Fiziksel aktivitenin içinde kas belirli bir elastikiyette olmalıdır. Eğer bu elastikiyete sahip değil ve sertleşmiş ise bir risk oluşturur. Belirli kasların sertliği halinde spor dallarına göre değişen yaralanmalar ortaya çıkar. Örneğin, hamstring grubunun sertliğinde tendinit ve patellofemoral sorunlar; triceps suraede aşil tendiniti(kasları kemiklere bağlayan tendonların, iltihaplanması); iliotibial bant sertliğinde ise iliotibial bant sürünme sendromu gelişebilir.

İşte, bu kasların sertliği hem yaralanma riskini arttırır, hem de eklem hareket açısını belirleyen öğelerden birisi olan elastikiyet kaybolduğundan ortaya konan performans düşer.

9 . Alt ekstremitenin (Kalça/bacak/diz/ayak) zayıflığı

Yapılan araştırmalarda en çok sportif yaralanmanın alt ekstremitelerde görüldüğü belirlenmiştir. Bacağın kalça eklemindeki belirli bir pozisyonda yinelenen aşırı zorlanmalarında ortaya bazı sorunlar çıkar. Bu sorunlar kasların insersiyonlarında, gerek tendonlarda, gerekse kemikte yapısal bozukluklara neden olabilir. Burada kas-kiriş-eklem yapılarındaki dokularnı değişik şiddetteki zorlanmalar karşısındaki dayanıklılık dereceleri, sınırları, ayrıca işlevles yeterlilikleri önem kazanır.

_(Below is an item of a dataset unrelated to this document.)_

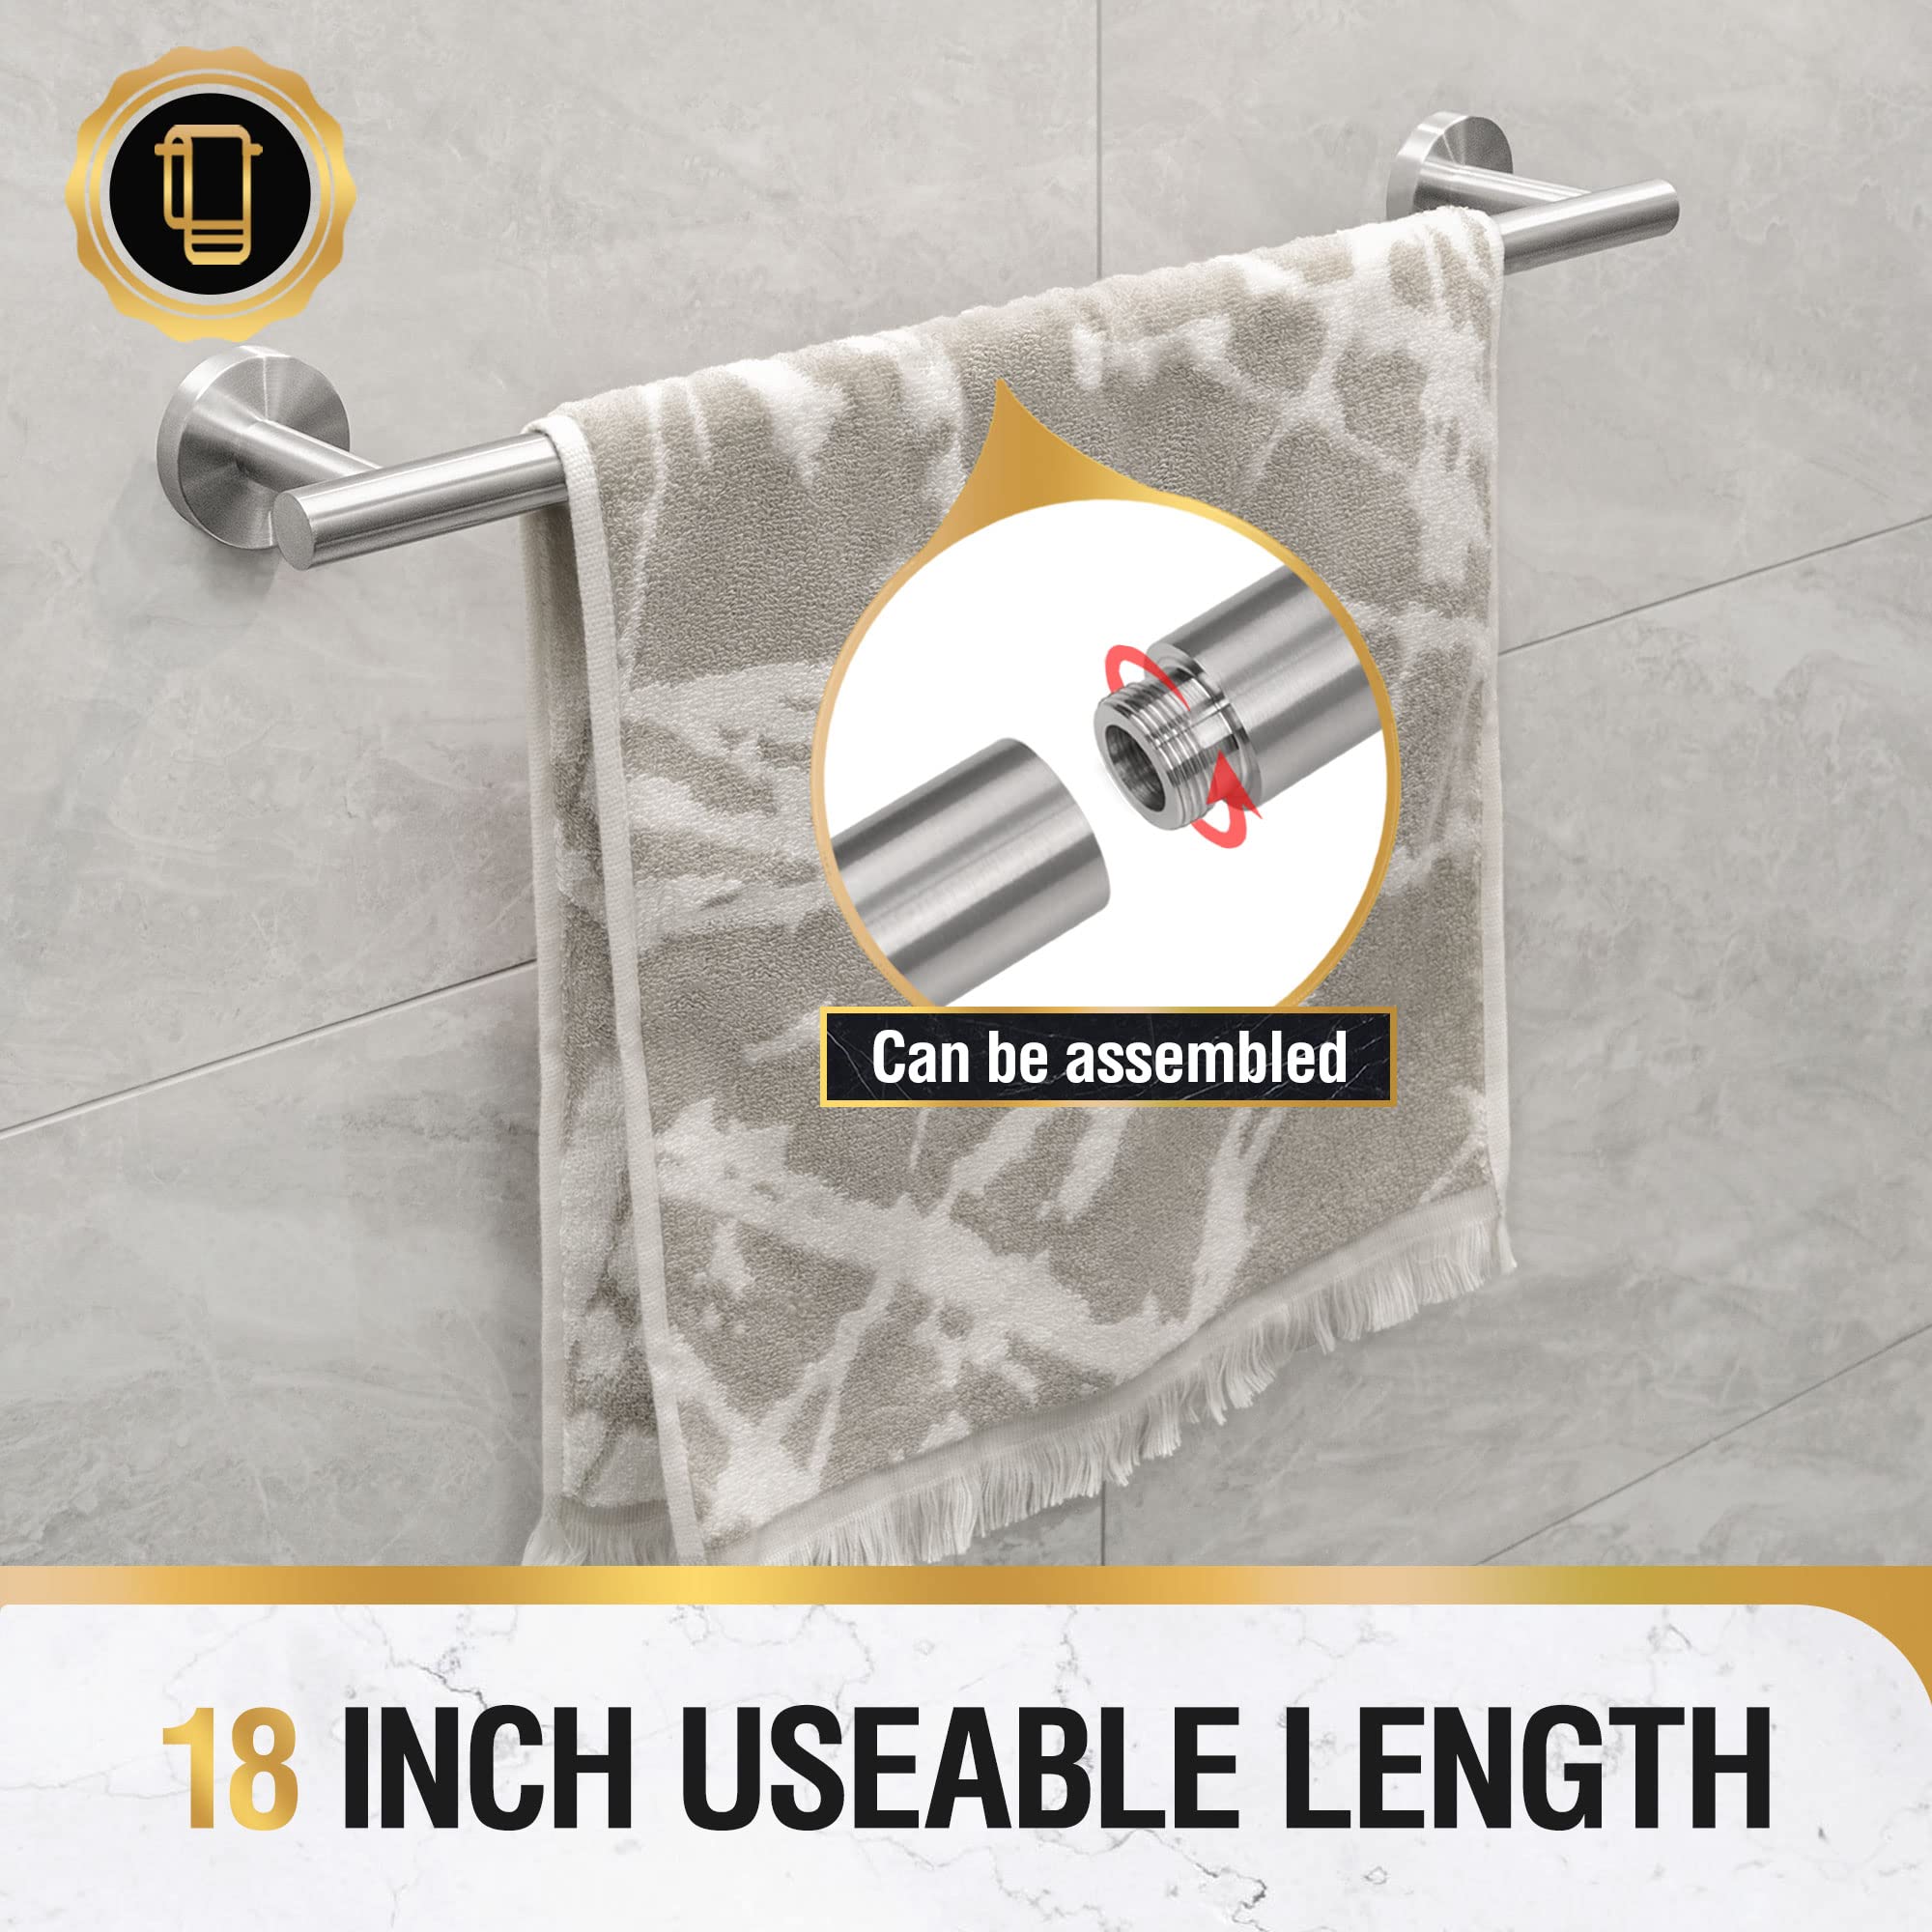 Towel Rack Wall Mounted 19.8 Inch丨Towel Bar for Bathroom 丨Towel Rack Wall Mounted丨Modern Home Decor Bath Towel Holder

Yana doğru eğilimli arazilerde koşmak ayağı pronasyona zorlar, yokuş yukarı koşularda aşil tendonuna fazla yük biner, yokuş aşağı koşularda ise ayak topuğuna yük biner. Kalça, diz ve ayak bağlantısındaki düzensizlikler, alt ekstremitelerin aşırı zorlanmasına ve belirli noktaların fazla yüklenmesine neden olur. Pronasyonlu ayak, pes planus (düz tabanlık), pes kavus, metatarsal varus, tibia vara,genu valgum, patella alta, femur boynu anteversiyonu gibi düzensizlikler; yürüme ve koşma siklusunda yer alan fazların işleyişine engel olur ve böylece normal biyomekanik işlevi bozan yapısal düzensizlikler oluşturur.

İşte, bu ve buna benzer sorunlar yüzünden sporcunun alt ekstremitelerinin yeterli oranda güçlü olması gerekmektedir. Bunun aksi yaralanmalara yol açıcı bir ortamı hazırlar.